Pet owners want to know what pet cooling mats are made of in the interests of the safety of their cats and dogs, I suspect. Firstly, pet cooling mats (pads), usually for dogs and cats, are made of a gel-like substance in a blue plastic cover. They cool cats and dogs or even humans when they rest on the mat. The mat does not require any electrical input. They cool the animal in a chemical process called “phase change”. The squishy gel inside the mat is a “phase change material (PCM)”.
PCM changes in structure causing cooling
Pet cooling pads are advertised as cooling devices which are activited under the pressure of the animal on the mat. However, this appears to be a little misleading because the cooling process takes place because the gel, as I understand it, changes in structure once disturbed. The process is not dependent in pressure per se. Although the pressure may alter the structure of the material causing it to cool. The substance remains a gel i.e. does not change from solid to liquid and vice versa, but invisible to the eye its fundamental structure changes. This change absorbs energy from the exterior. The absorption of energy from the exterior causes the cooling effect take place around the pad and on the pad.
Organic and inorganic PCMs
It’s quite a difficult concept to grasp, I find, but you can read about it on Wikipedia. The classic phase change material which causes cooling is ice melting to water. That is a solid changing into a liquid through the melting process (phase change). The cooling pads work on the same principles but there’s no actual melting and the material is not water. It is possibly either an organic PCM or an inorganic PCM. Organic PCMs are hydrocarbons, primarily paraffin’s and lipids but also one is sugar alcohol. Inorganic PCMs are salt hydrates.

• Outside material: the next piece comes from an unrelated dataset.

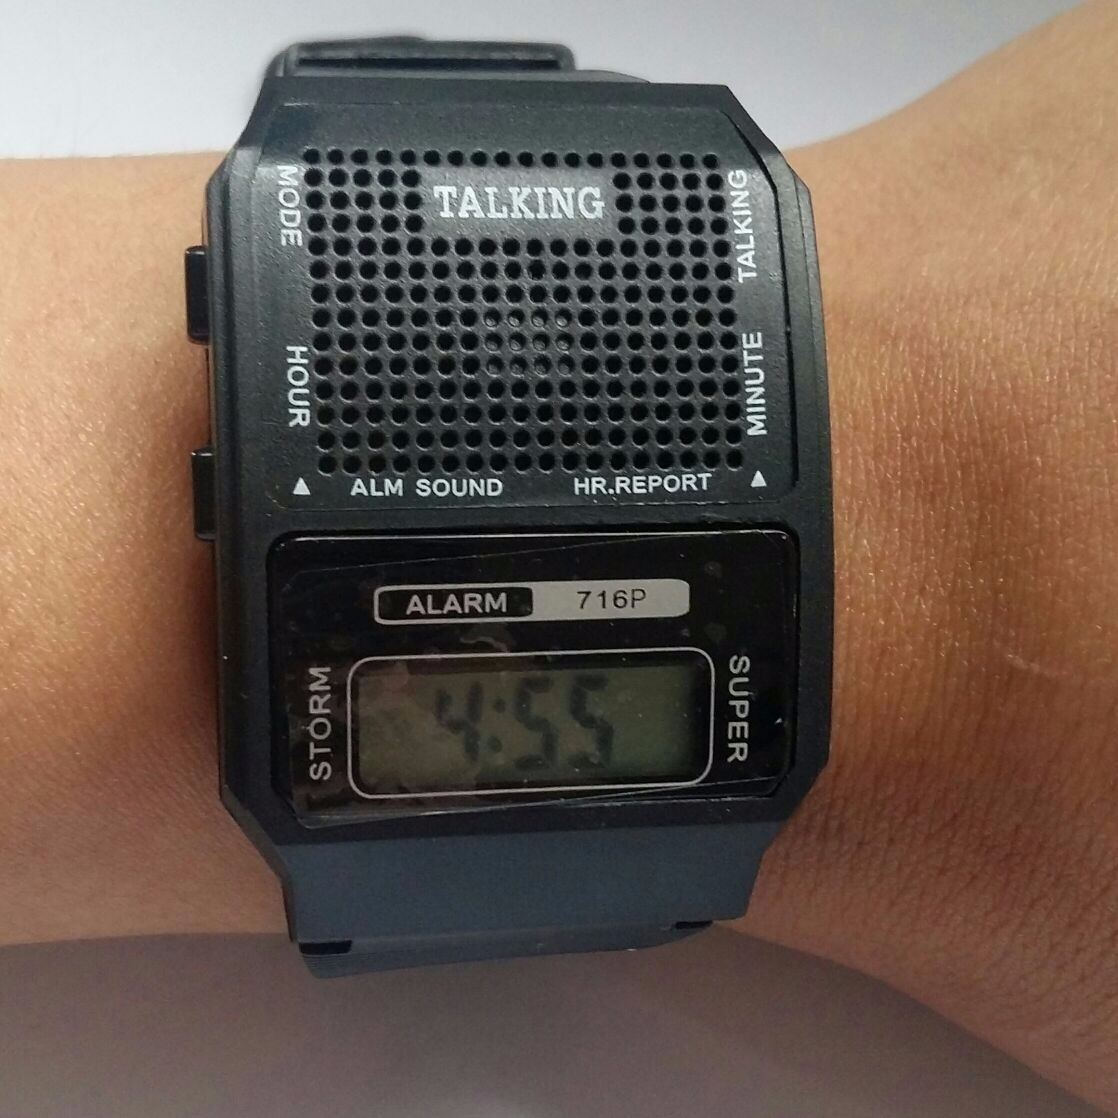 370dda67b78 relógio fala hora portugues deficiente visual e idoso. Carregando zoom.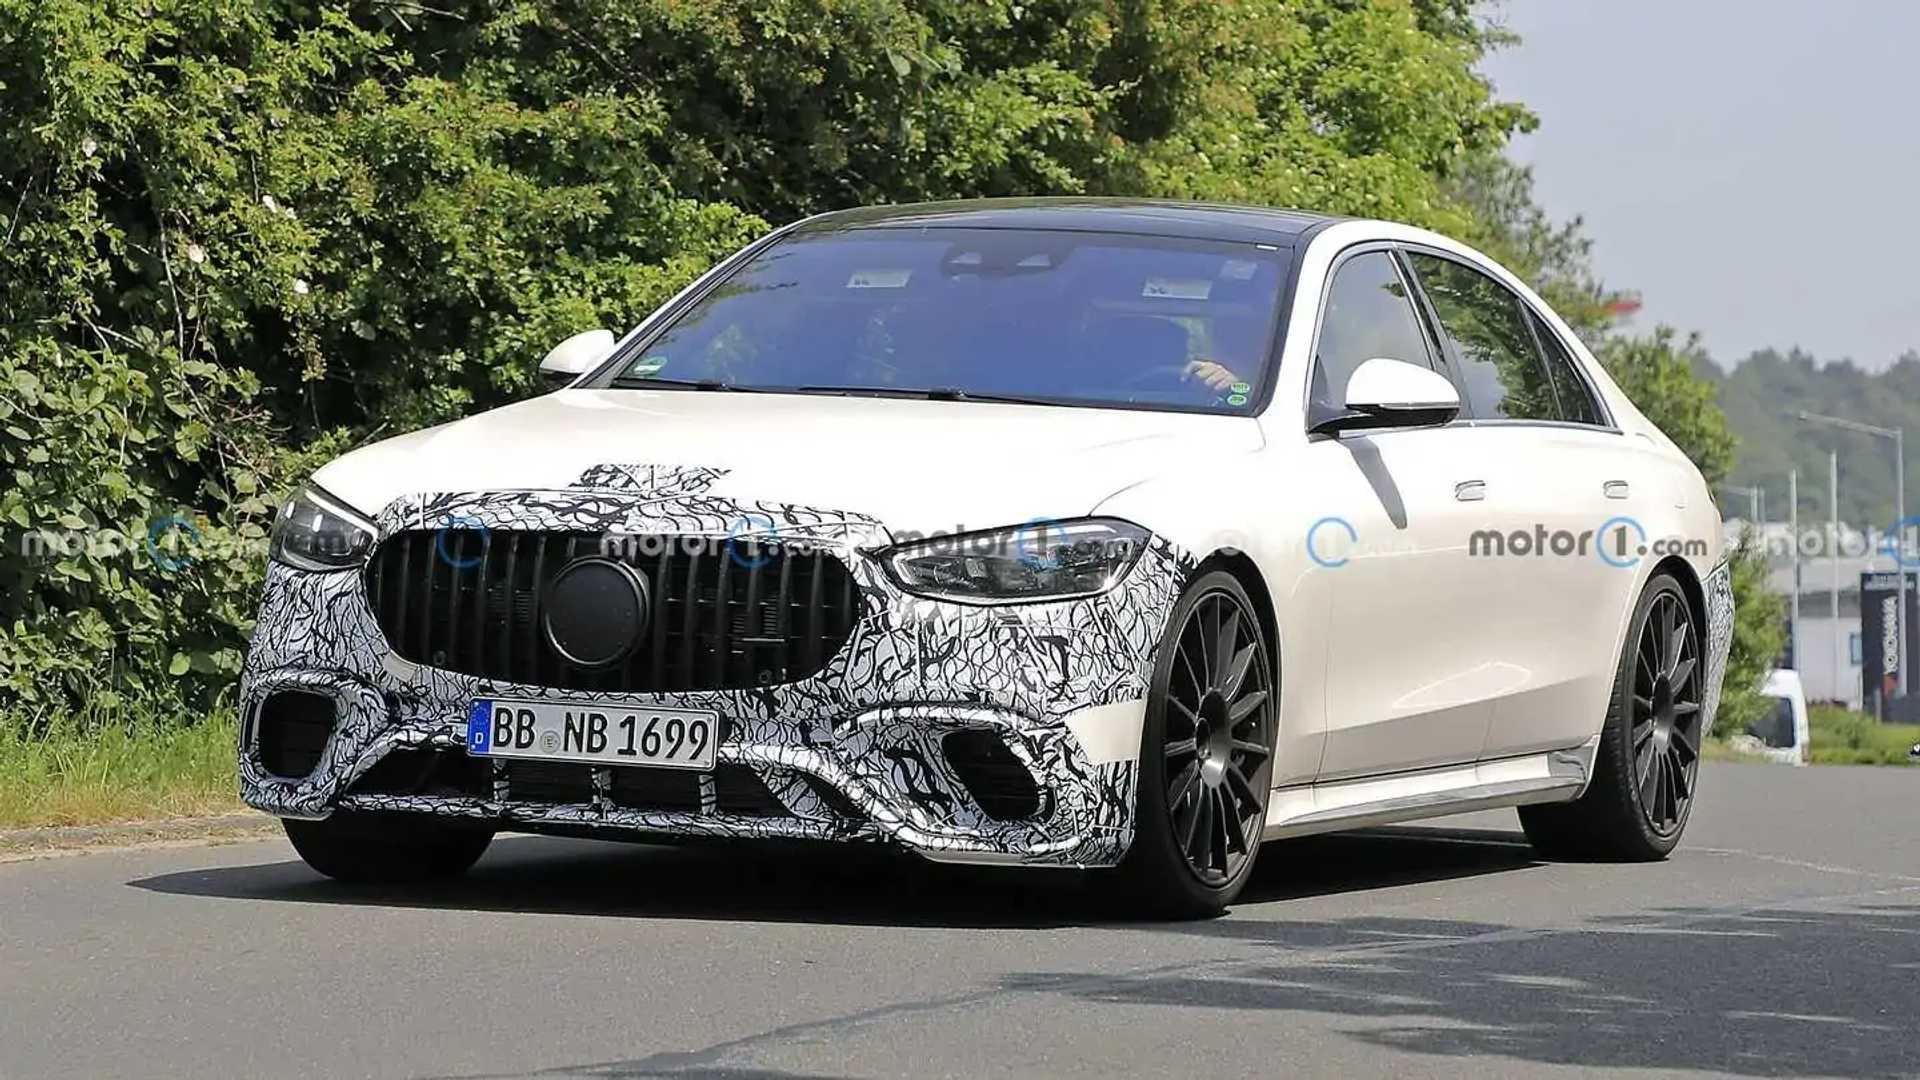 El Mercedes-AMG S 63 e, híbrido enchufable, está al caer

I suspect that the gel inside the pet cooling pads are organic PCMs (but see below). It is not a material which changes from solid to liquid and then liquid to solid to the best of my knowledge. Wikipedia says that only phase changes between solid to liquid and liquid to solid are practical for PCMs. This undermines the concept of the pet cooling pad which appears to be a constant gel-like structure.
My preferred choice as to what the pads are made of other than the outer plastic cover
A further alternative is that the gel-like substance is sodium sulphate mixed with water or mixed with water and sodium chloride which according to a guy on the Internet, Jack Lopez, has “a phase change temperature [that] may be close enough for your dog cooling application”.
Hope this clarifies things a little. You need to be a specialist to fully understand this topic.
P.S. In an era of global warming these pads may become a boon to concerned cat and dog owners.